§ **Assignment**
The expected output is the full data, repeated exactly, without pictures.

───── Supplied material

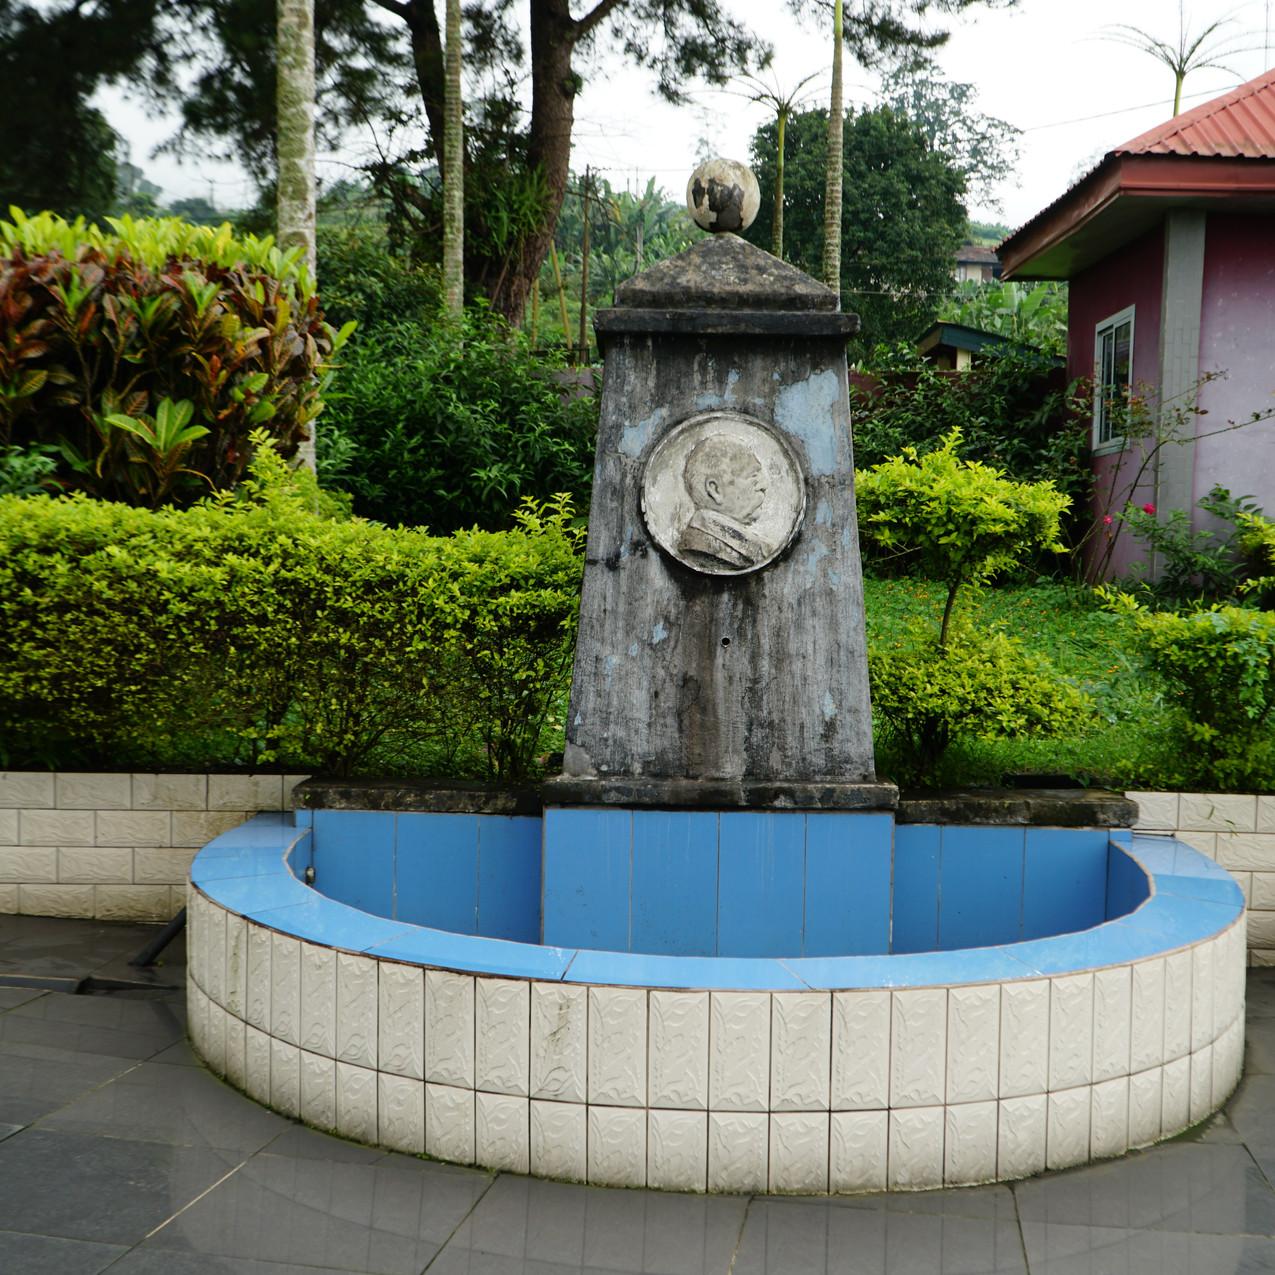 Bismarck Fountain
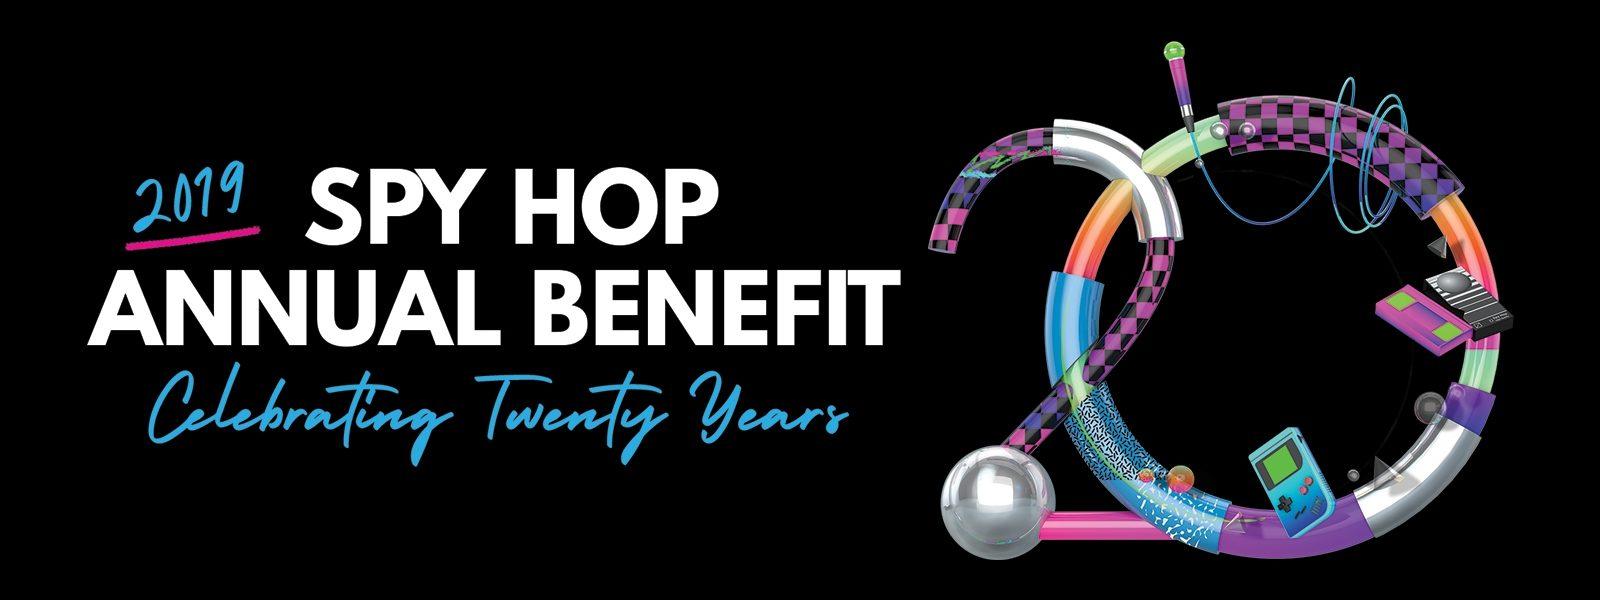 2019_Annual-Benefit_Eventpage_1600x600_Header
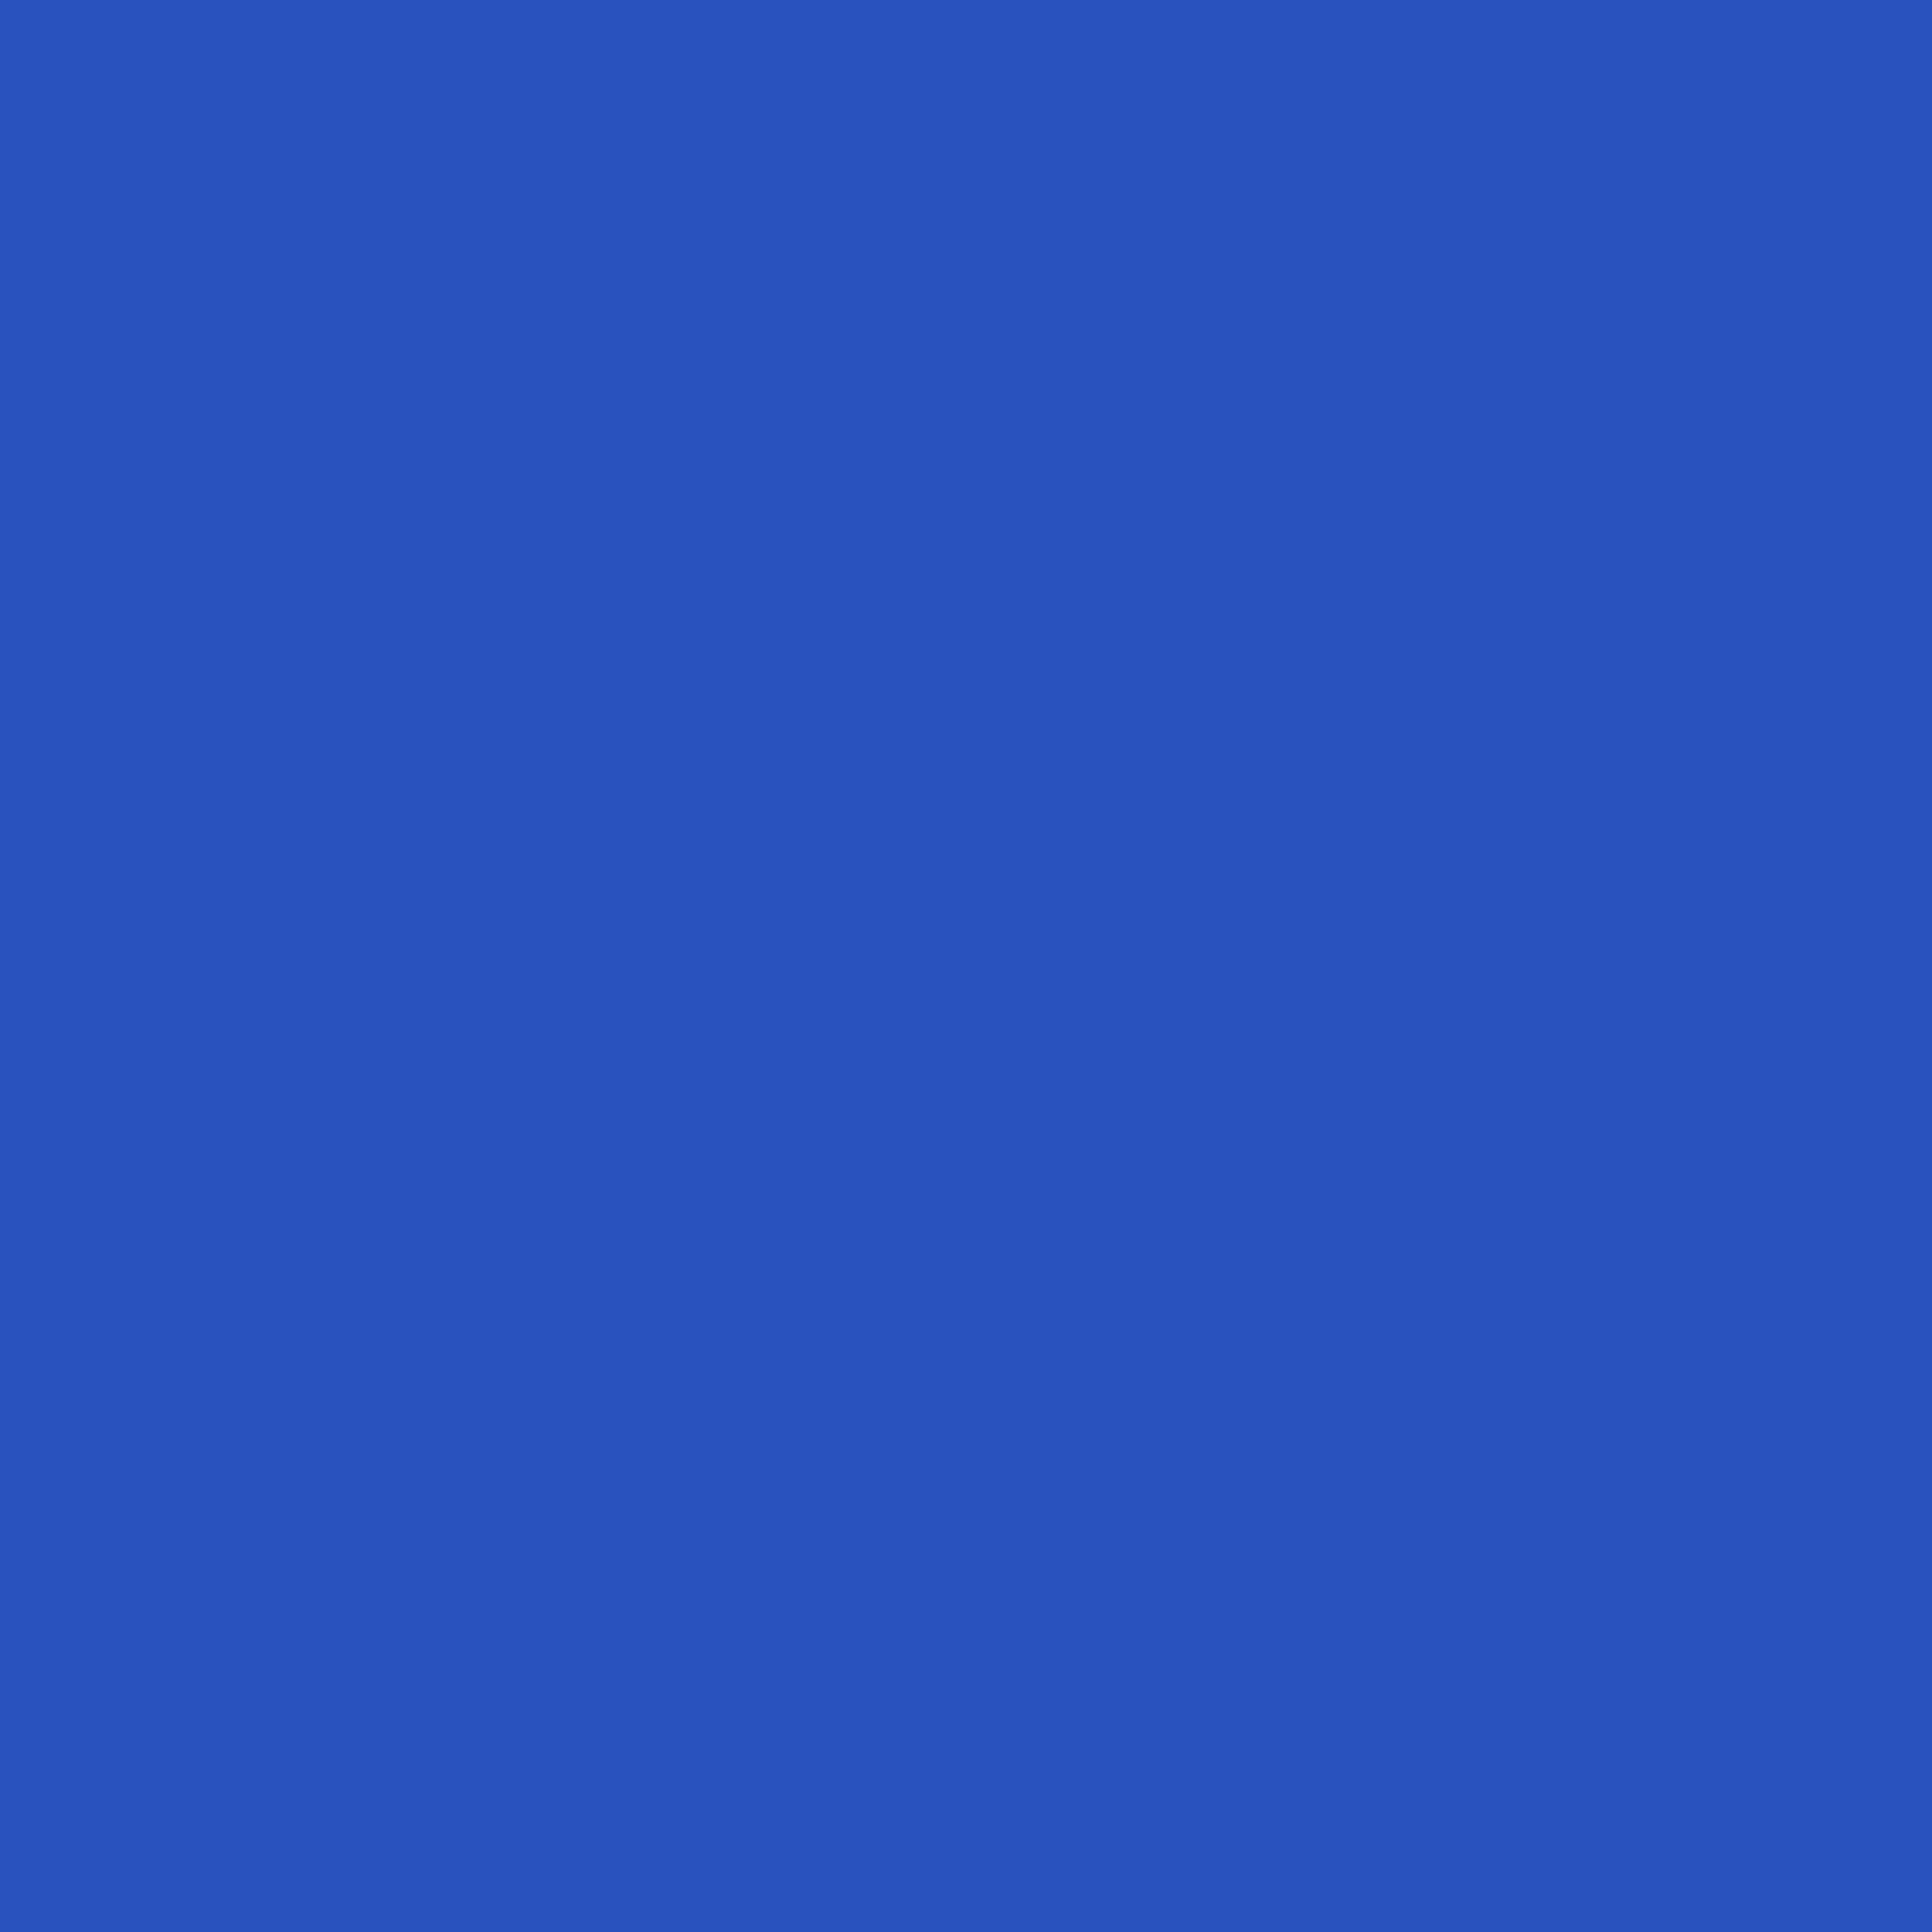 3600x3600 Cerulean Blue Solid Color Background

──────────

§ **Written response**
 Bismarck Fountain
 2019_Annual-Benefit_Eventpage_1600x600_Header
 3600x3600 Cerulean Blue Solid Color Background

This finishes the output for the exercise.